▶ **DATA BLOCK**
-- Opening Marker --
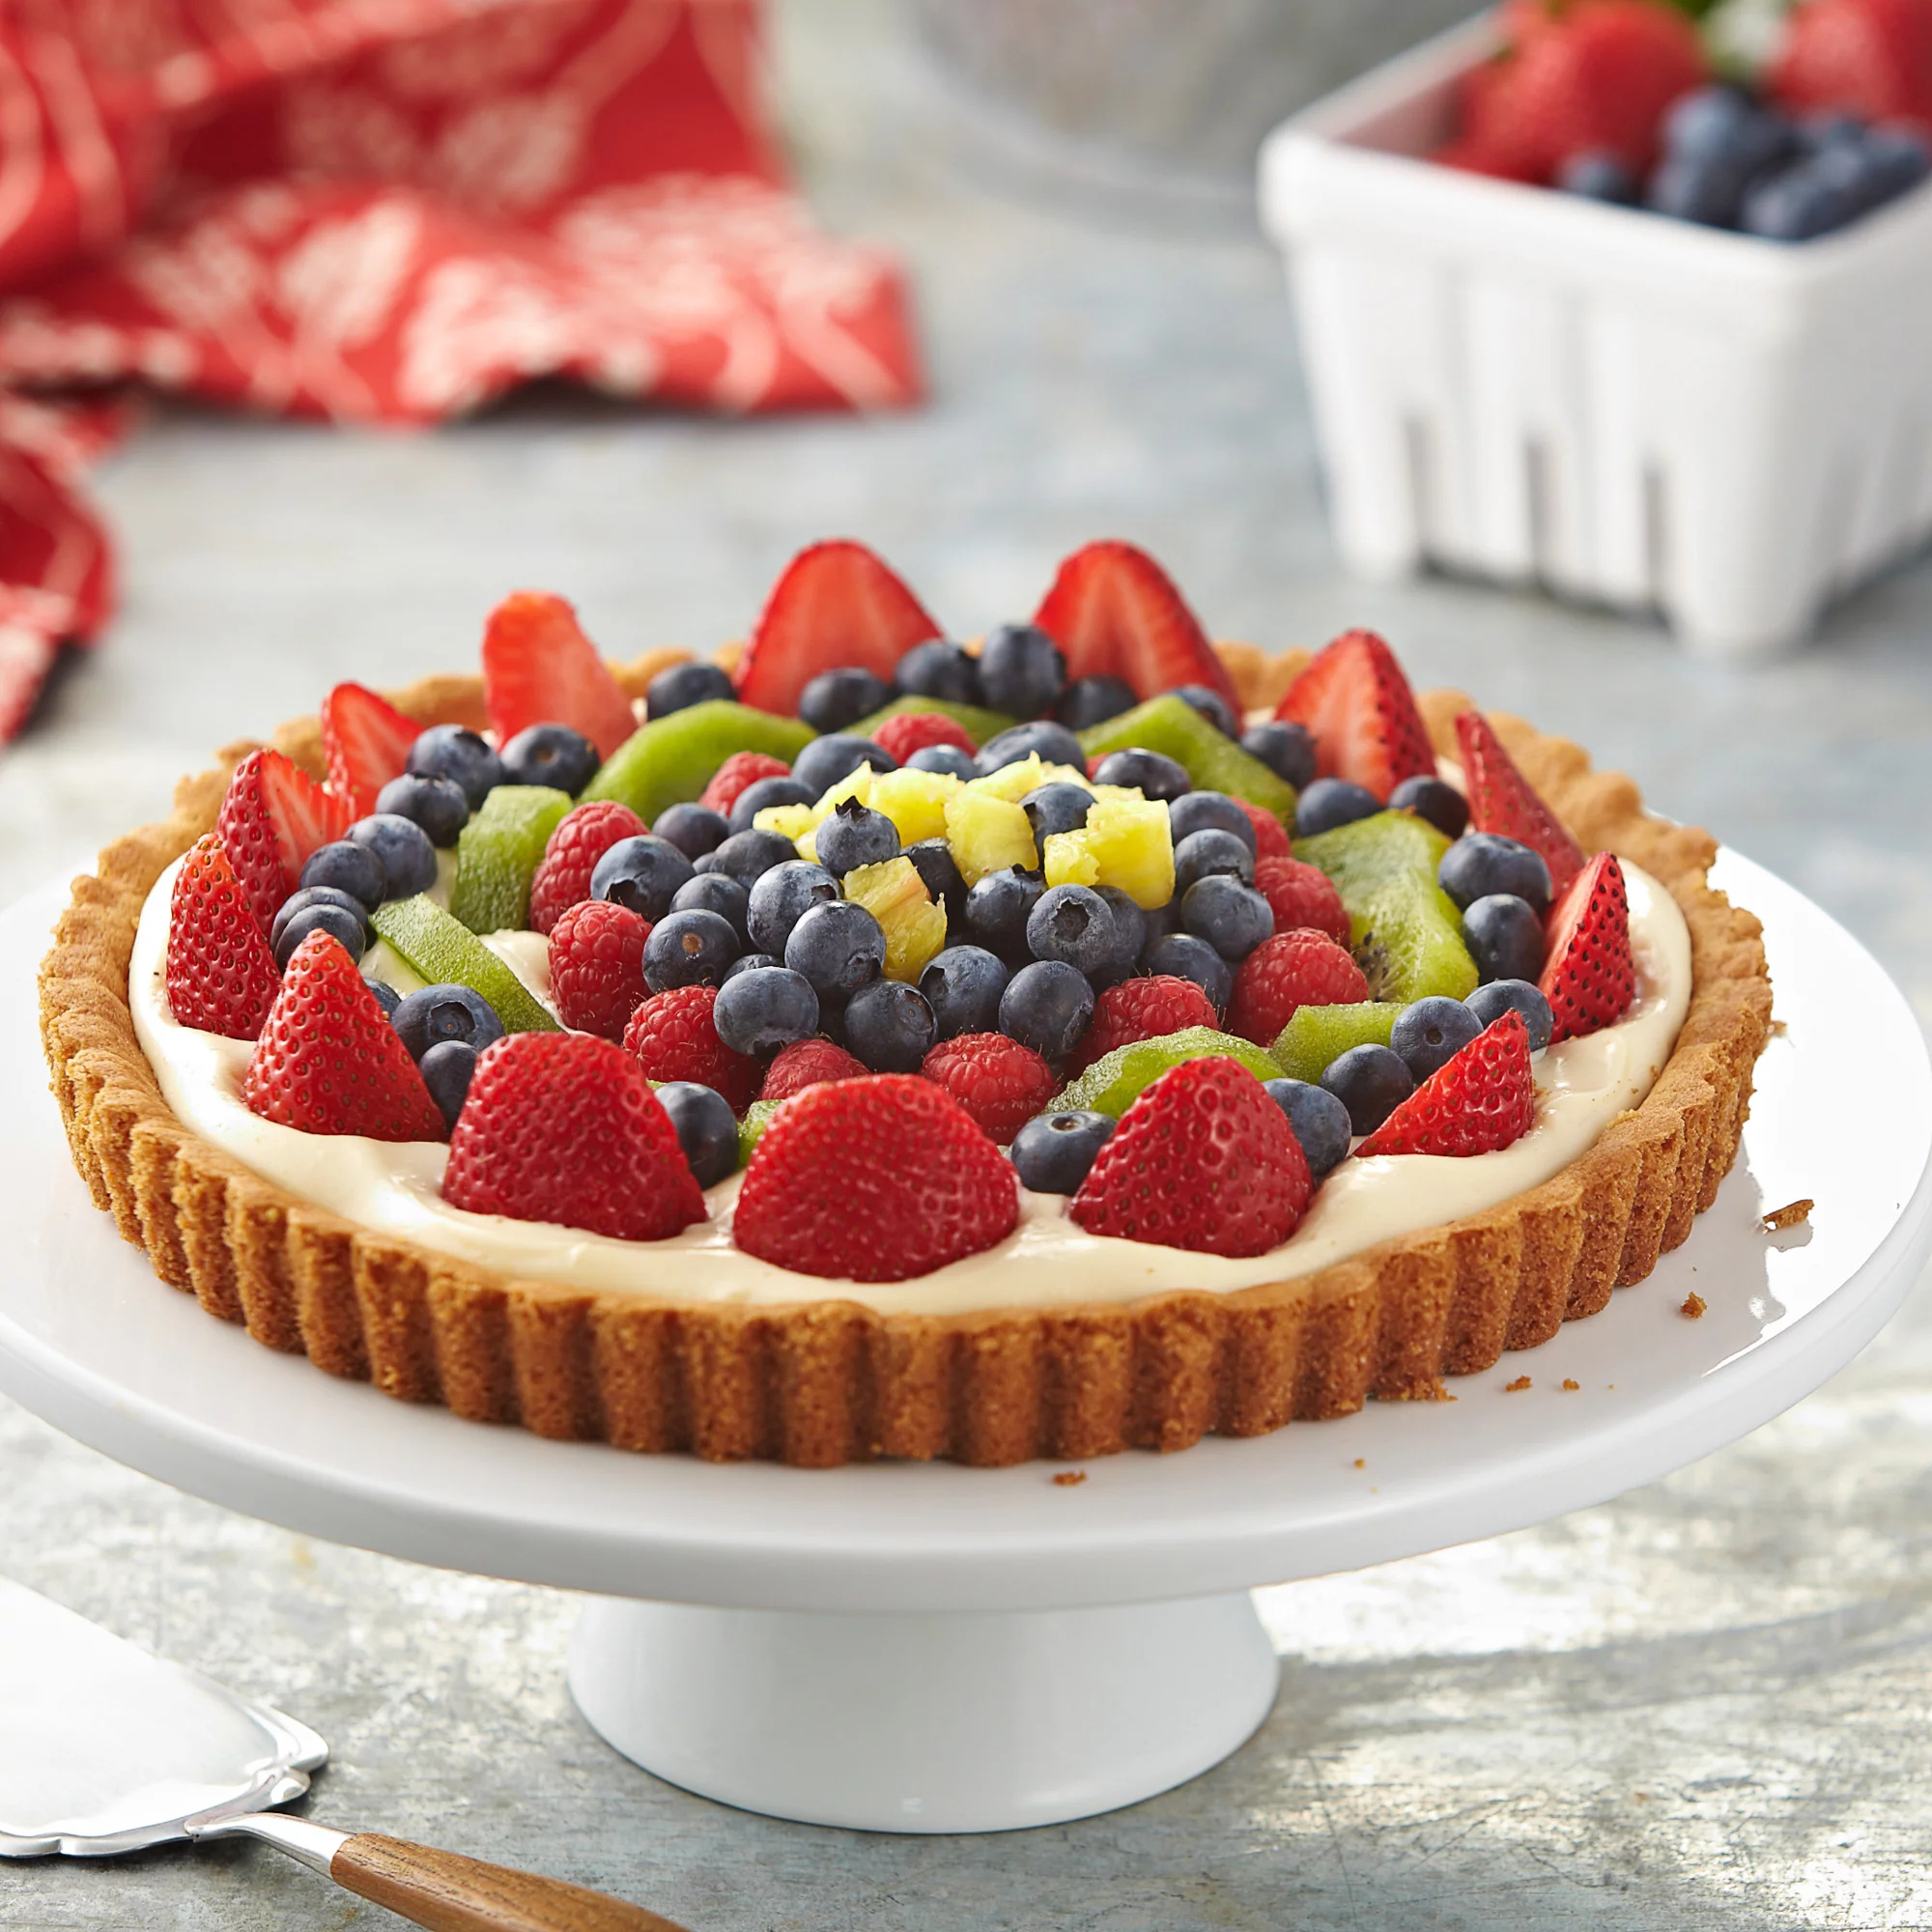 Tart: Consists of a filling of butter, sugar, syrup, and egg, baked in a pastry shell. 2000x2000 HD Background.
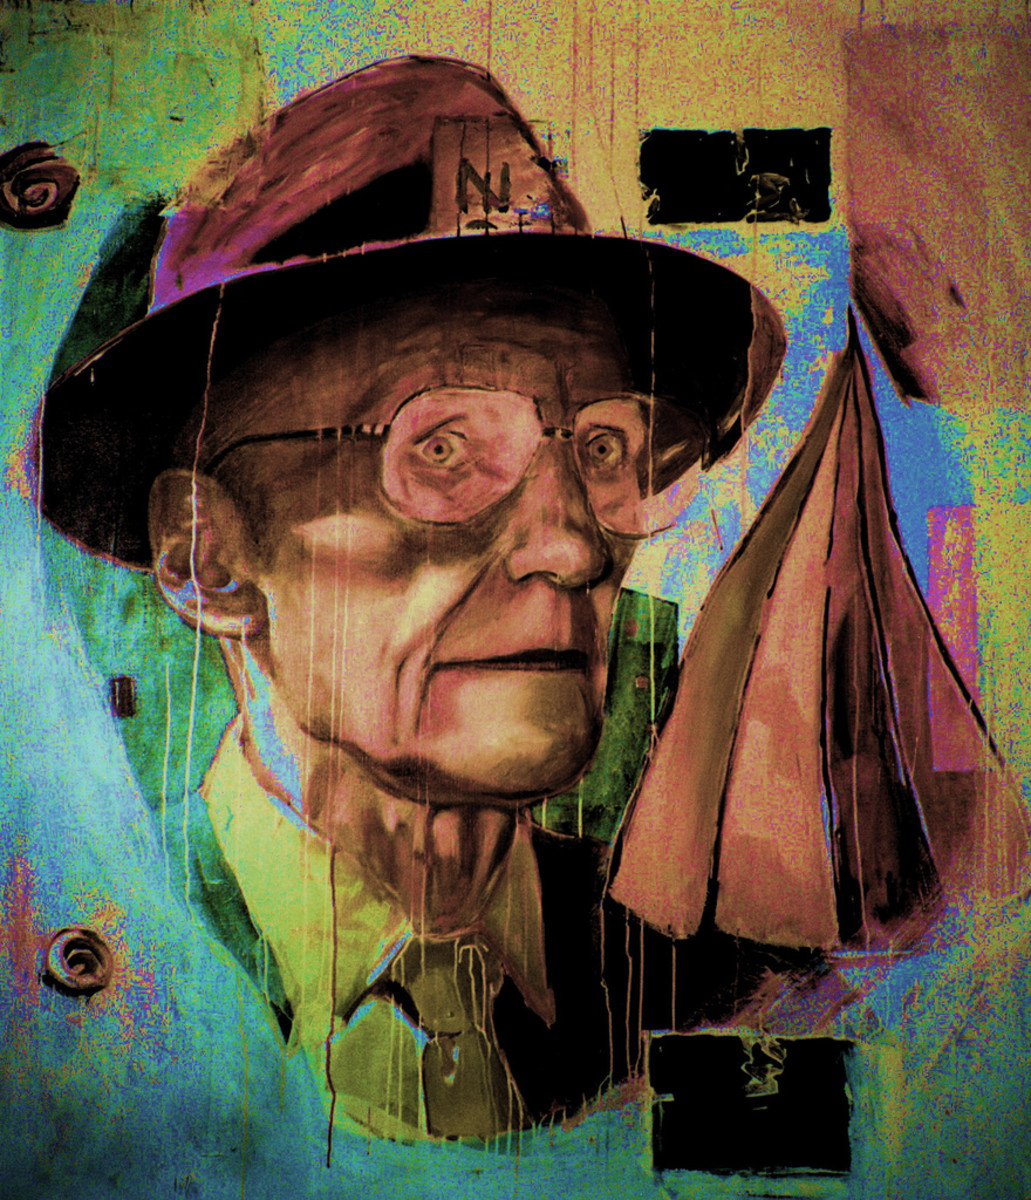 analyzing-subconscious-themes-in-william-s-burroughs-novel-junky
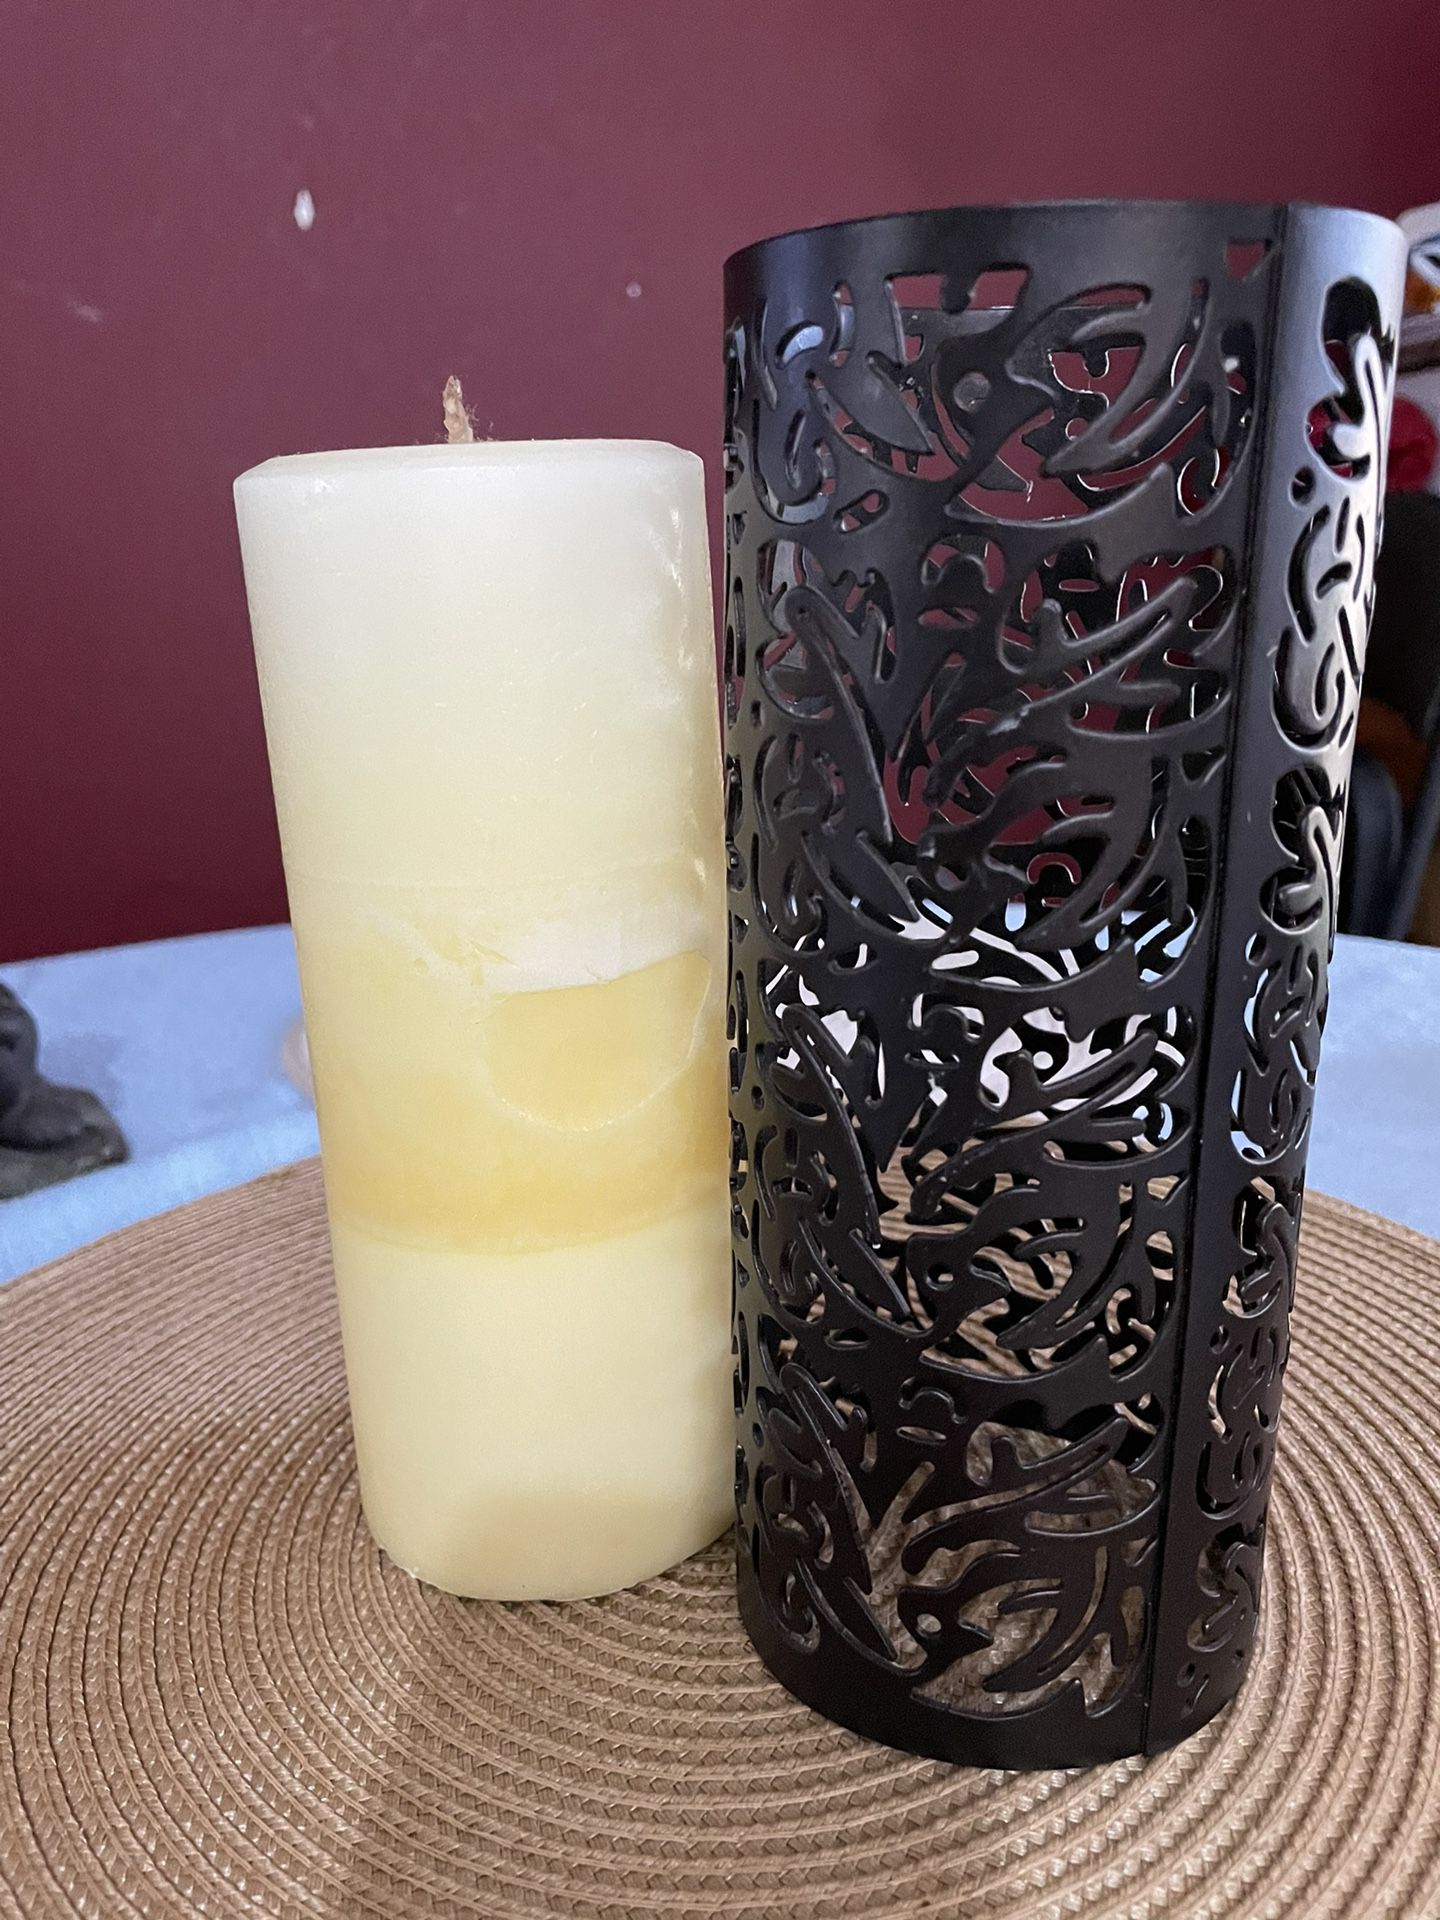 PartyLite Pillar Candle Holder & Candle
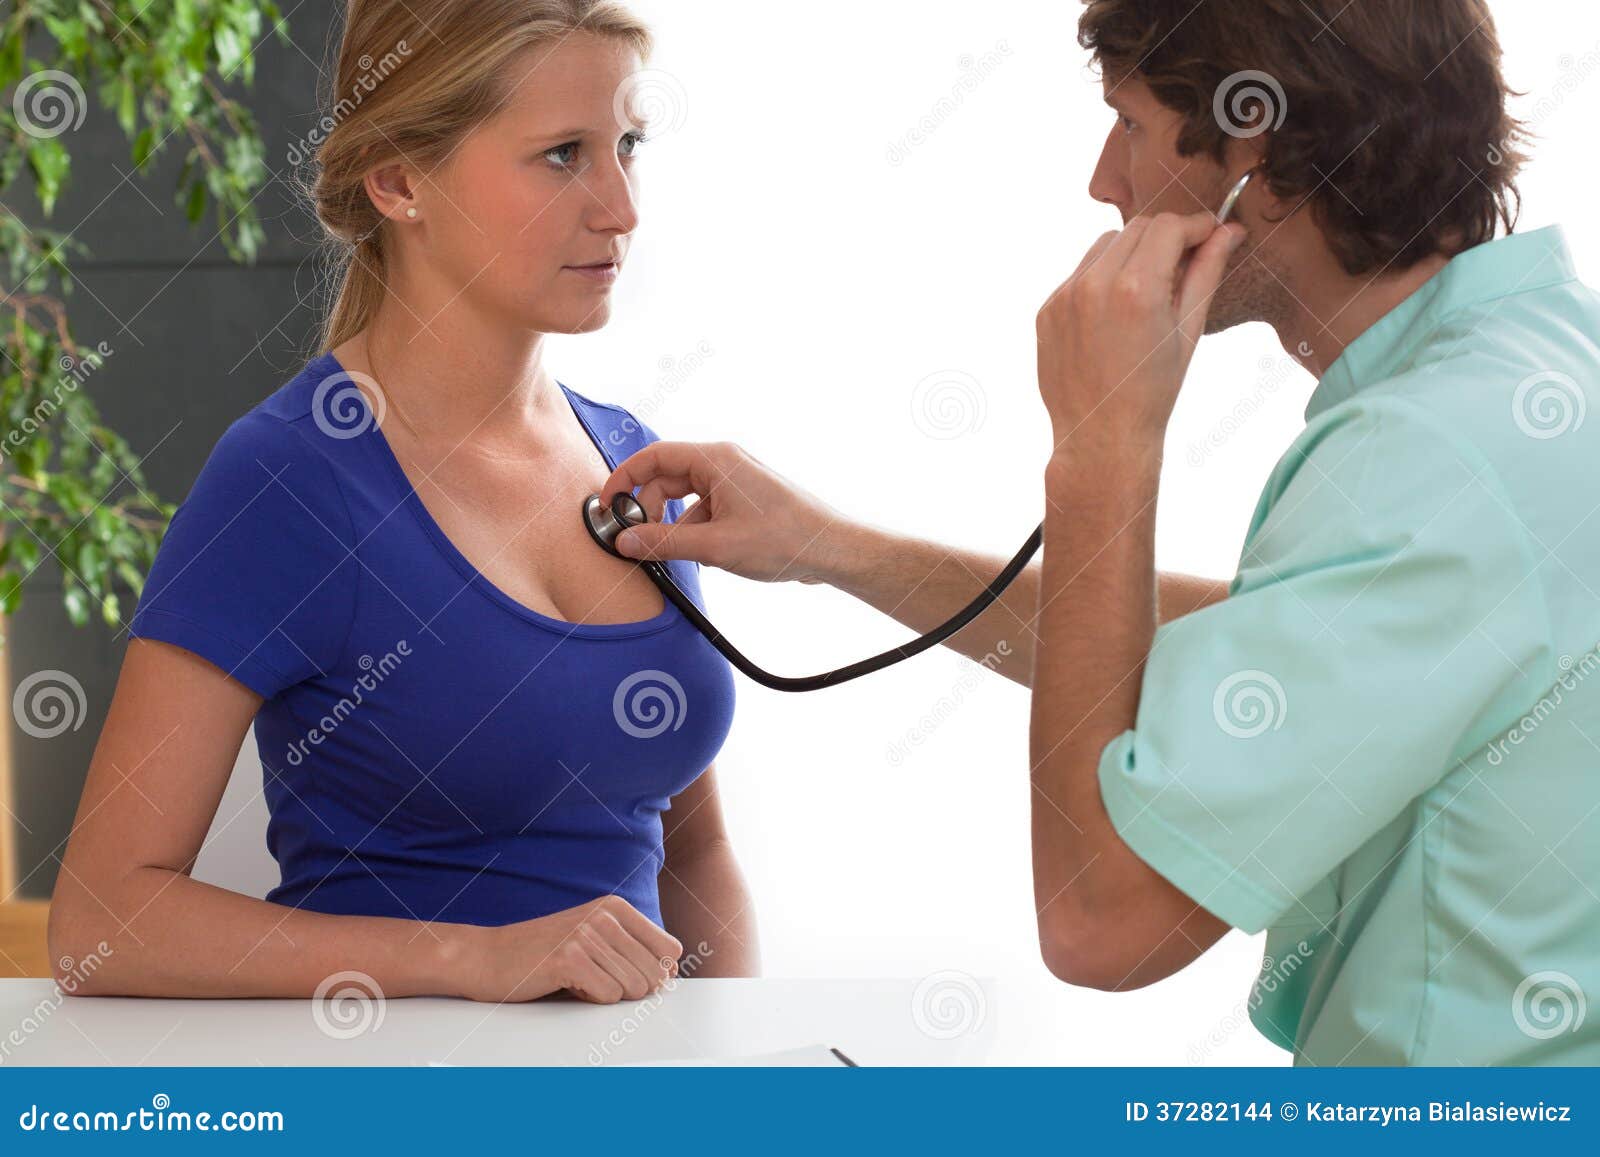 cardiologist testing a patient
-- Closing Marker --
▶ **PROBLEM STATEMENT**
The copy must match every line of the data exactly and contain no pictures.

▶ **EXPECTED OUTPUT**
 Tart: Consists of a filling of butter, sugar, syrup, and egg, baked in a pastry shell. 2000x2000 HD Background.
 analyzing-subconscious-themes-in-william-s-burroughs-novel-junky
 PartyLite Pillar Candle Holder & Candle
 cardiologist testing a patient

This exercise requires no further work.